The plaintiff, Ossama Ahmed Fahmy, who claims to be the heir to Baligh Hamdy, Hafez's producer, is suing the two artists for sublicensing the song from the record label EMI Arabia, which Fahmy argues was not authorized to make such a deal.
The case leveled against the Jay-Z and Timbaland also focuses on what the plaintiff argues is a vulgar perversion of Hafez's original song, which to many represents the golden age of Egyptian culture, as it was originally sung in the 1960 movie “Fata Ahlami”.
The opening of Jay-Z's song “Big Pimpin'” bears a striking, almost identical resemblance to the opening of Hafez's “Khosara Khosara”, except that Jay-Z's music video is laden with girls sipping drinks in bikinis on a yacht.

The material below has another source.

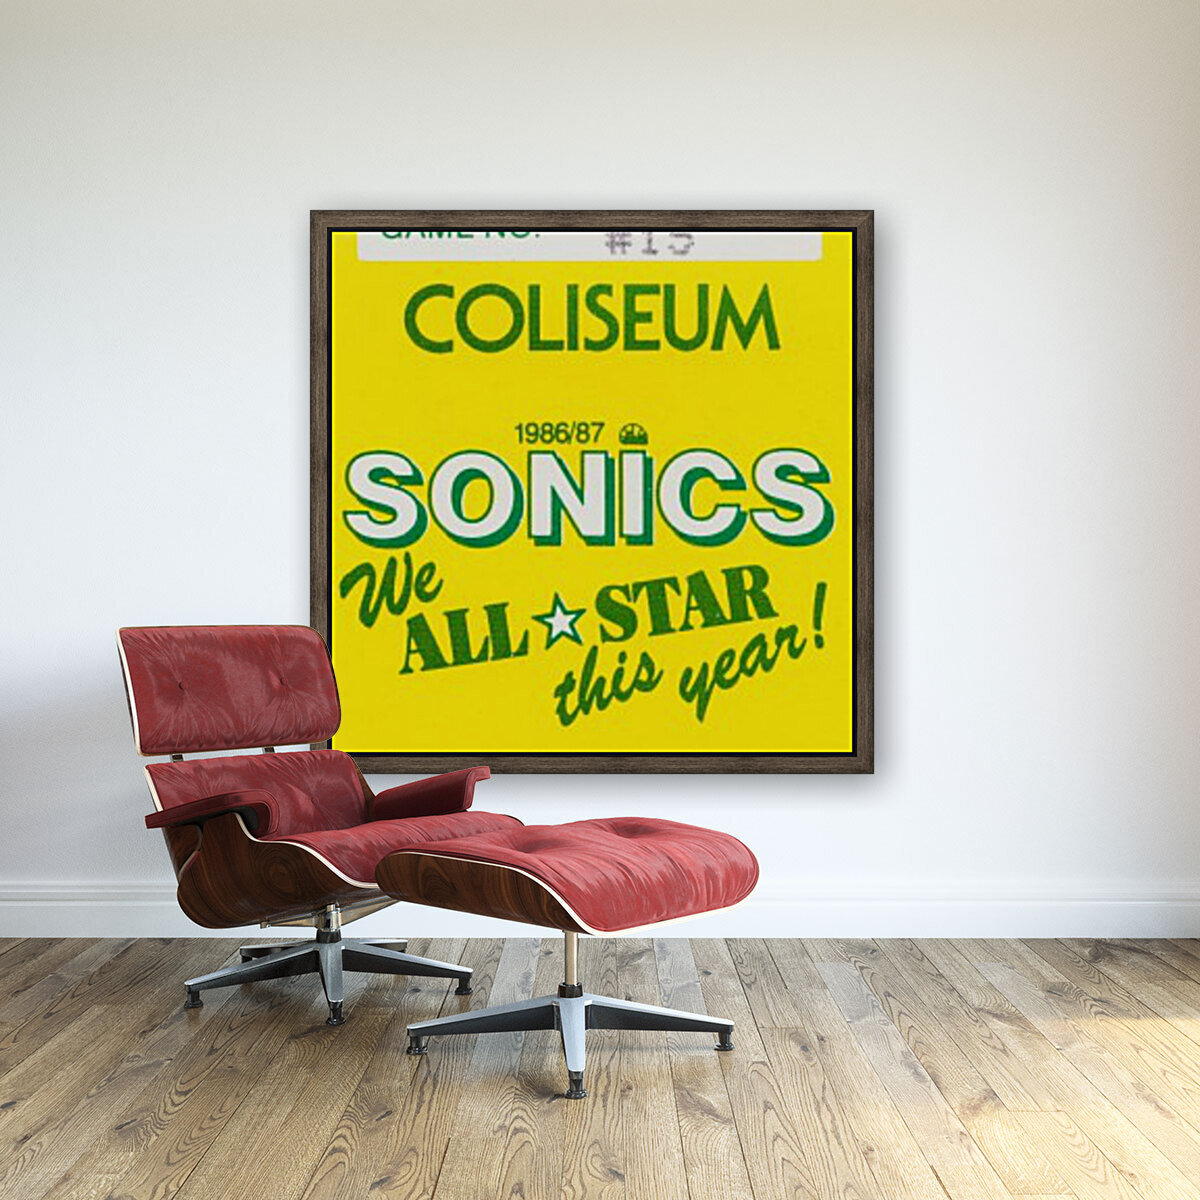 1986 seattle supersonics ticket stub canvas art  Art

“They used it with a song that even by Jay-Z’s own admission is very vulgar and base,” Fahmy’s lawyer, Keith Wesley, told The Guardian. “That’s really why this is so significant to my client. They not only took music without paying. They’re using it in a song that is, frankly, disgusting.”

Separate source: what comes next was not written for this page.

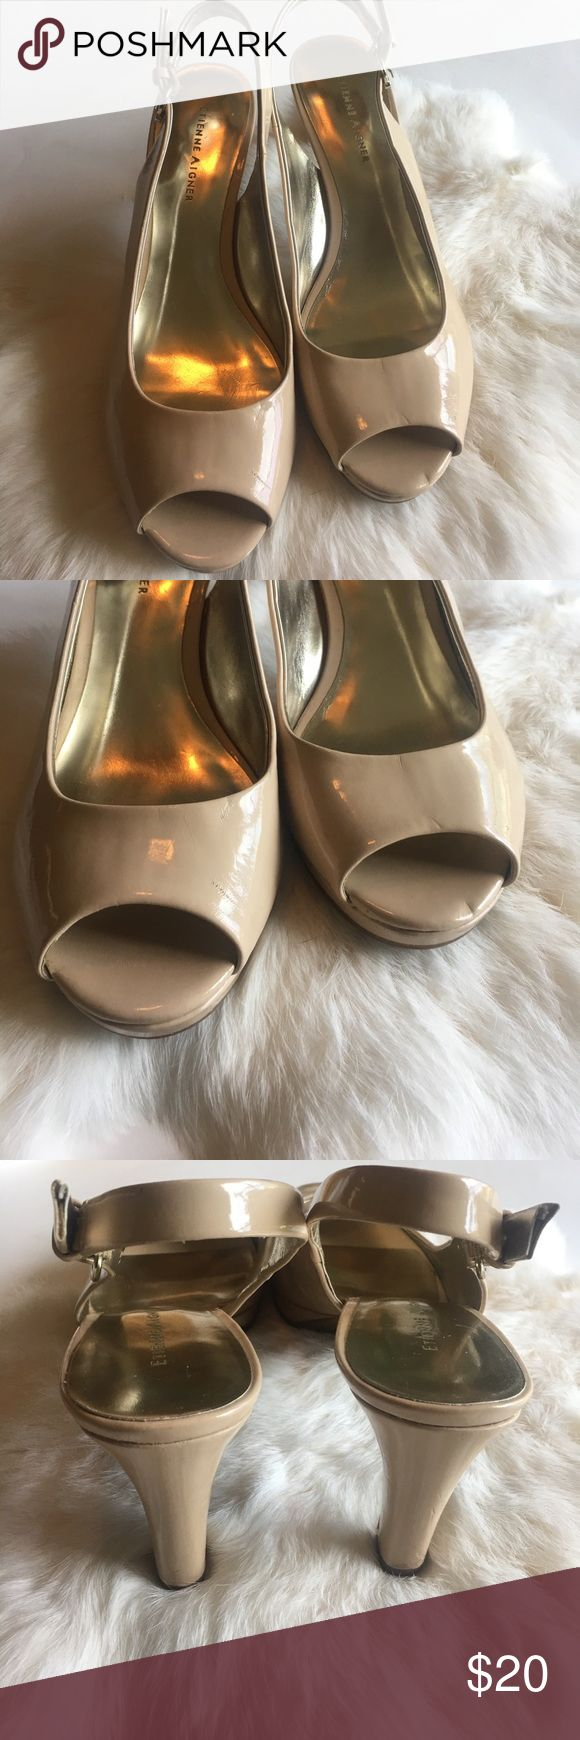 Beige Pumps Super cute beige pumps. All manmade materials. Normal wear. 8.5M. EUC Etienne Aigner Shoes Heels

While borrowing and building off of old concepts is new, some argue that in this case, Western artists are taking advantage of the lack of strong copyright law in the Middle East for new material.
Ted Swedenburg, a professor of anthropology at the University of Arkansas, says in this case, Jay-Z was “escaping the punishing and very expensive regime of sampling in the West, so exploiting the apparent absence of copyright on an Abdel Halim song.”
Jay-Z's song, however, is not the only example of sampling from Middle Eastern music. Madonna sampled from Lebanese singer Fairouz's music in her album “Erotica”.